Poland, Wothers explains, was not “a separate entity at that time, and [Curie’s] choice was something of a political statement.” Known at that time as the Kingdom of Poland, it was essentially a state in name only, under the control of Russia, Germany, and Austria-Hungary, with Curie’s hometown of Warsaw the capital of the Russian part. Students there were taught in Russian, and anyone caught speaking Polish could bring punishment down on their families.

Postage stamp
Monacoian postage stamp by Perrette Lambert and Jean Pheulpin commemorating the 100th anniversary of Marie Curie’s birth, 1967.
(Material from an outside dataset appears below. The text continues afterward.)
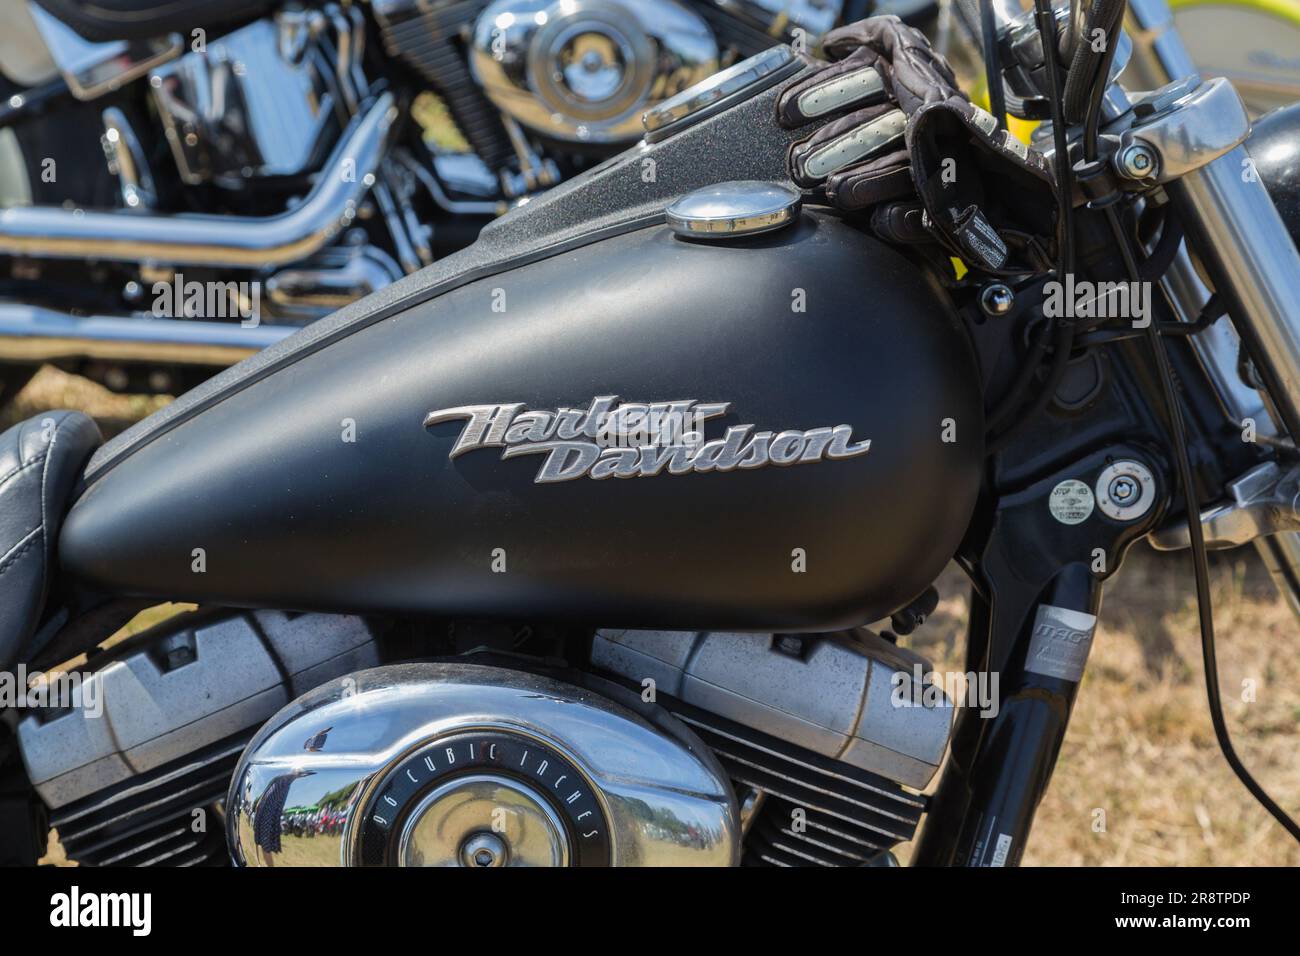 Nahaufnahme des Benzintanks-Emblems eines Harley Davidson Motorrads. Harley Davidson Motorradabzeichen. Roadtrip, Freiheit oder Lifestyle-Konzept. Stockfoto

When the Curies isolated their first new element in Paris, they were faced with a decision: what to name it? The Curies’ daughter Ève writes the story like this:

“You will have to name it,” Pierre said to his young wife, in the same tone as if it were a question of choosing a name for little Irène [Ève’s sister]. The one-time Mlle Sklodovska reflected in silence for a moment. Then, her heart turning toward her own country which had been erased from the map of the world, she wondered vaguely if the scientific event would be published in Russia, Germany and Austria—the oppressor countries—and answered timidly: “Could we call it polonium?”

Marie Curie loved Poland. She almost didn’t marry Pierre because she so longed to go back to her country. She spent the first three-and-a-half years after graduating from high school working with the Polish teaching resistance, giving lessons to school-aged children and distributing Polish books to their parents. “Even this innocent bit of education was dangerous,” Marie Curie recalled, “because all such initiatives were banned by the government and could mean jail time or deportation to Siberia.”

“By naming the new element the way she did,” writes Mikołaj Gliński, Curie “was deliberately aiming to use the publicity coming from the scientific discovery to bring the world’s attention to a purely political fact: Poland’s lack of independence as a sovereign state. As such, polonium may have been the first chemical element named to highlight a political situation.” What on the surface seems a straightforward element name takes on greater meaning when looking at the history.

The names on the periodic table didn’t just appear like Athena, sprung fully grown from the head of Zeus: each was somebody’s suggestion, somebody’s choice. There are human stories behind every name, and while some of these tales are more captivating than others (looking at you, mining demons), each one tells us something not only about the element but also about the people and the time they lived in. While this book can’t be considered a rollicking adventure through the periodic table, it does display an appreciation for what goes into these names and is a fine reference book, particularly for readers with a background in chemistry.